Tuesday, February 2, 2010

"The Story of an Hour"

In the beginning we find out that Mrs. Mallard has heart trouble, and news about her husband's death is brought to her "as gently as possible" (605). Her sister Josephine and her husband's friend Richards, who tells her the news, believe that Mrs. Mallard would be very upset to hear it and that it could make her even more ill. The reader expects her to be upset and it is very possible that the sad news can make her feel worse than usual. Yes, "she wept at once, with sudden, wild abandonment" (605), but it's just a first emotional reaction to the news, without deep thinking of what happened and how it would change her life.

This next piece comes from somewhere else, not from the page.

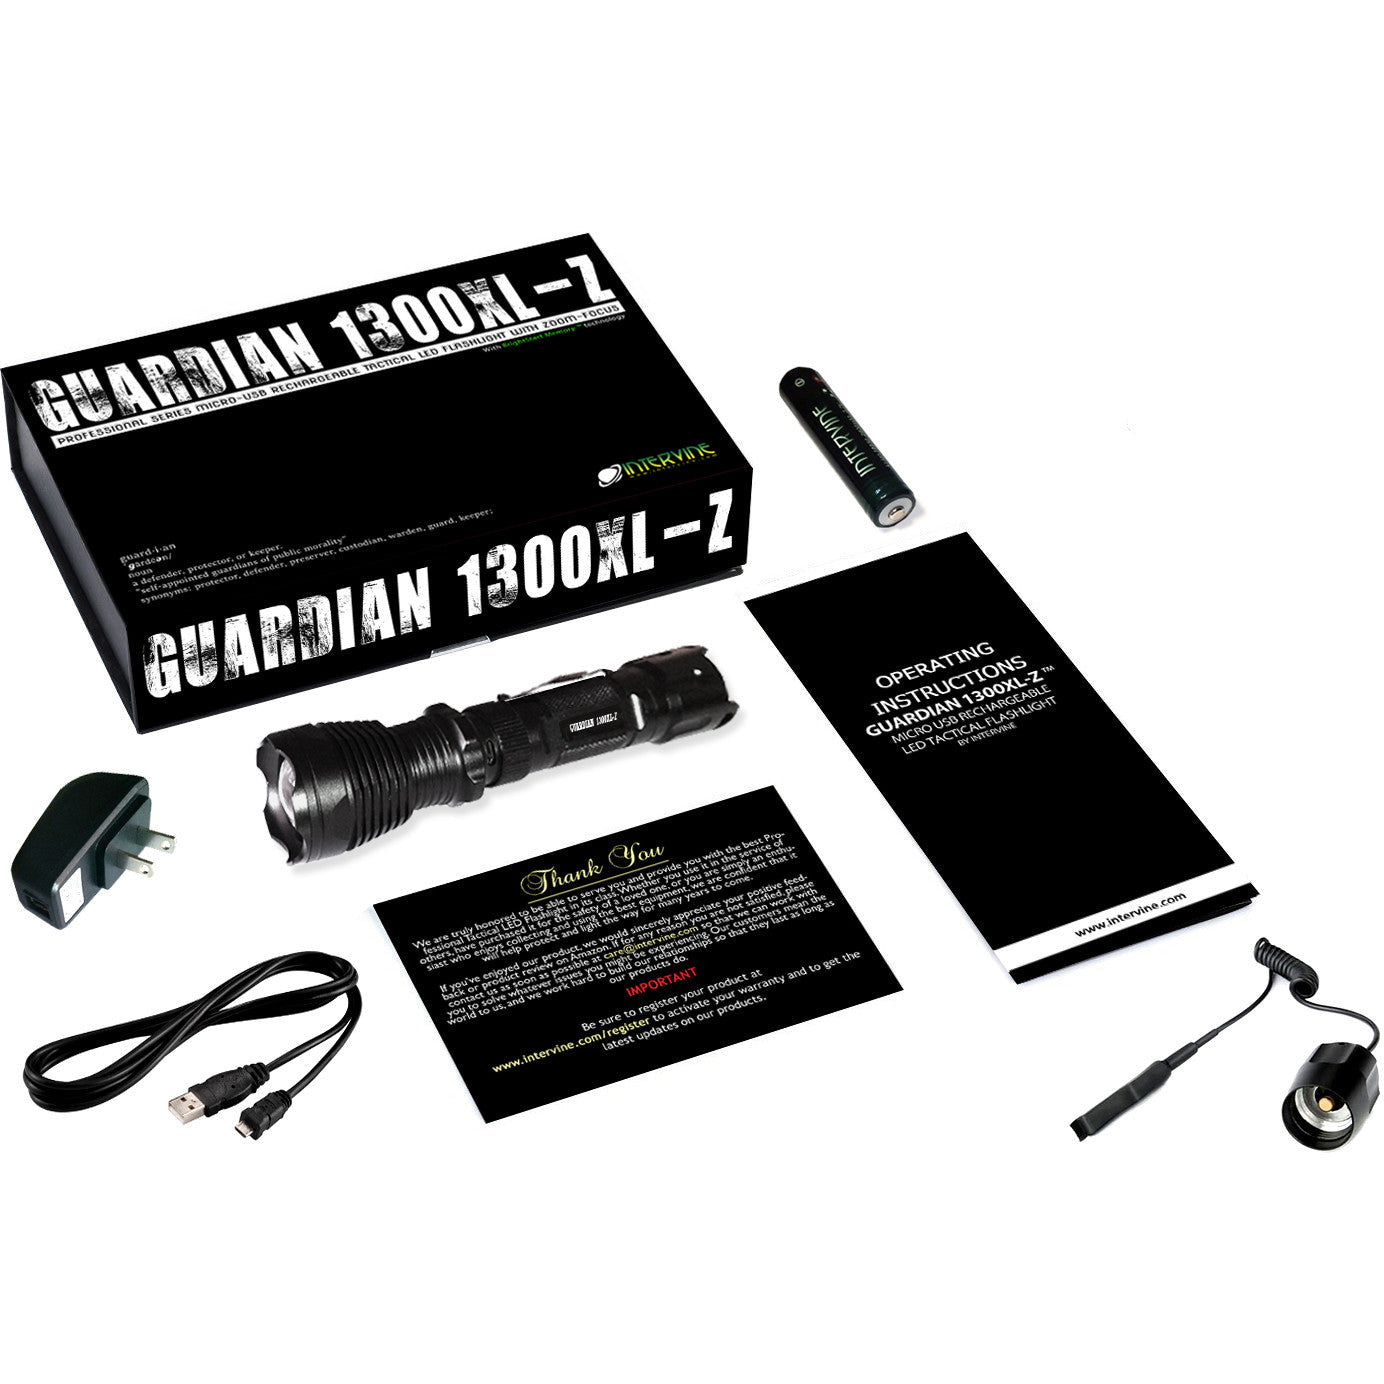 Guardian 1300XL-Z Tactical Flashlight

She comprehends the news later, and the author shows us little by little how she comes to realize it and what helps her to understand it. She goes to her room, and "there stood, facing the open window, a comfortable, roomy armchair. Into this she sank" (605). Reading these words, the reader suddenly realizes that something turns the story to a more positive way. Many things such as "a comfortable, roomy armchair" and "the open window" are symbols of how newly freed she is feeling. When Mrs. Mallard starts thinking and starts feeling this weird feeling she’s never had before, the reader understands that her soul is starting to fill with happiness of freedom, which is in everything such as sounds and beautiful trees around, in blue sky and in songs of the birds.
However in the end Mrs. Mallard's husband opens "the front door with a latchkey" (607). He enters "composedly carrying his grip-sack and umbrella" (607) because he doesn't even know about the accident and that his name is on the list of those who died. Mrs. Mallard then dies "of joy that kills" (607). These words carry the absolutely opposite meaning of what they should be. We understand, that the doctors are wrong, thinking that she dies from happiness of seeing her husband again. She chooses to die rather than to live again under her husband's will, especially after experiencing freedom, even just for one hour. This hour in a comfortable armchair in front of the open window made her feel happy and free, made her to understand the sense of her being, and it was the only real hour of her life.

5 comments:

  1. It sounds like this story took a somewhat wierd twist. It sounds sad that she thought she lost her husband but from the way the author describes how free she felt it suggests that she probably did not like living with her husband. he probably beat her. I wonder what kept her from leaving him...

    ReplyDelete
  2. I didn't include all the details so if you read the story you probably would understand better. It was written in like the 1920s or something so women never really felt they could leave their husbands or whatever but yeah I agree wth you about the beating. She probably never had a say and felt inclosed.

    ReplyDelete
  3. I actually have read this article before in another class. Yes, this story takes a sudden and surprising twist. It sort of confused me how she died when he came back. It could've been possible that she had seemed calm but felt really bad after the bad news, and the surprise when he actually came home was possibly too much for her.

    ReplyDelete
  4. I like how you examined the words in this story and how it created the mood of the plot. I seems really interesting, so I will have to read it. Maybe she died because she thought she was seeing a ghost! Ha.

    ReplyDelete
  5. He beat her? Where does that idea come from?

    Good job using integrating the text and explanation. This is a tricky story in ways.